Next in my Studio Ghibli retrospective comes The Tale of the Princess Kaguya.

I would like to take a moment to talk about Isao Takahata, one of Studio Ghibli’s original founders. Although he has been overshadowed by his more prolific and famous co-founder Hayao Miyazaki, Takahata’s work and life are no less worthy of attention.
The youngest of seven children, Takahata spent part of his boyhood in Okayama and lived through the United States’ firebombing of that city during the Second World War. He later recalled how he and his older sister fled through flaming streets, dousing themselves with water to avoid being burned. His sister was wounded, but they both survived. Their family home burned to the ground and, as Takahata explained, in the bombing’s aftermath, “I saw so many bodies. I was so horrified, I was trembling and my teeth were chattering.” He would draw on these experiences in his master work, Grave of the Fireflies.
After the war, Takahata went to the University of Tokyo. His original field of study was not filmmaking, though, or even art, but rather French literature.
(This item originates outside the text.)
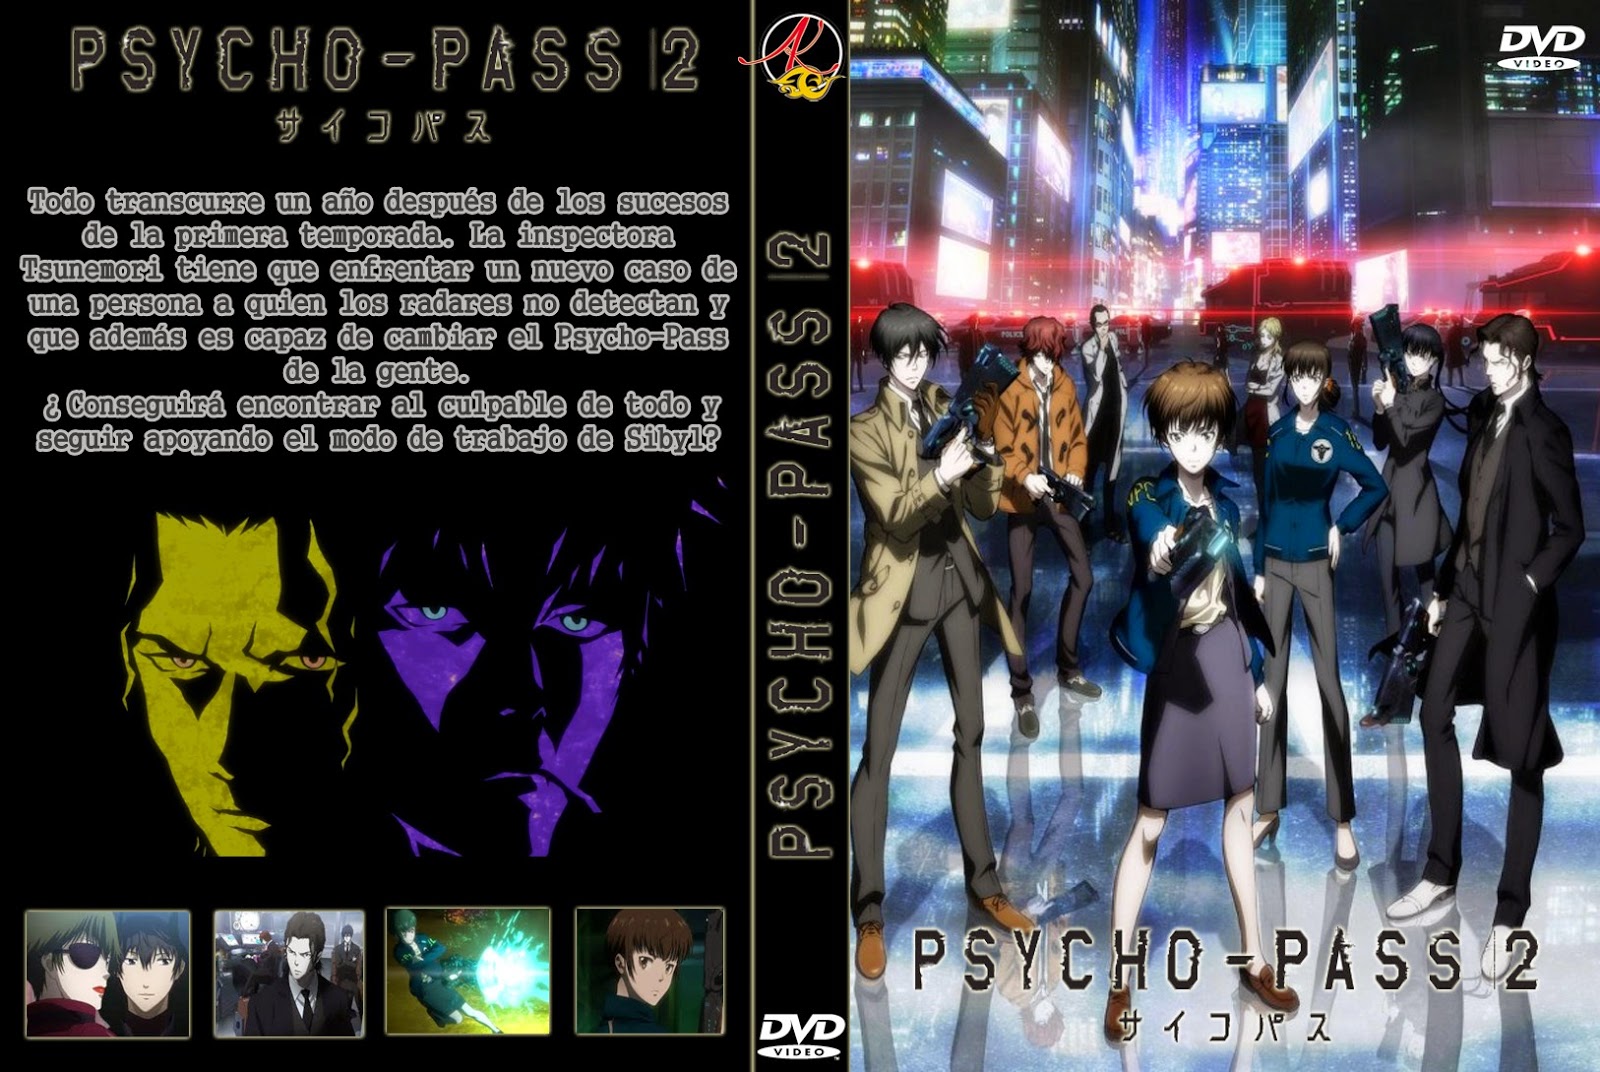 Portadas Anime DVD: Psycho Pass 2 (Portada DVD)

However, Takahata’s admiration for the French poet Jacques Prévert led him to watch the animated film Le Roi et l’Oiseau (1952), for which Prévert had written the screenplay. The experience prompted Takahata to go to work for the Toei Animation company, where he became a director and met Miyazaki.
Takahata and Miyazaki developed a somewhat sibling-like relationship; Miyazaki once teased his colleague over his slow work pace and limited output by calling Takahata “a slugabed sloth.” Also, unlike Miyazaki, Takahata did not draw animation for the movies he directed. Yet not drawing, and thus not having a personal style, perhaps provided him with more freedom to experiment creatively: every Ghibli movie Takahata directed was dramatically different in both its content and visual style.
Takahata’s habit of artistic experimentation continued with The Tale of the Princess Kaguya (2013), which he directed and co-wrote with Riko Sakaguchi.
The movie is a re-telling of “The Bamboo-Cutter and the Moon Child,” a Japanese folktale dating back to the 10th century. As in the original tale, the story begins with a humble, childless bamboo cutter who discovers a mysterious, miniature girl inside a bamboo stalk. The cutter and his wife raise the girl as their own child.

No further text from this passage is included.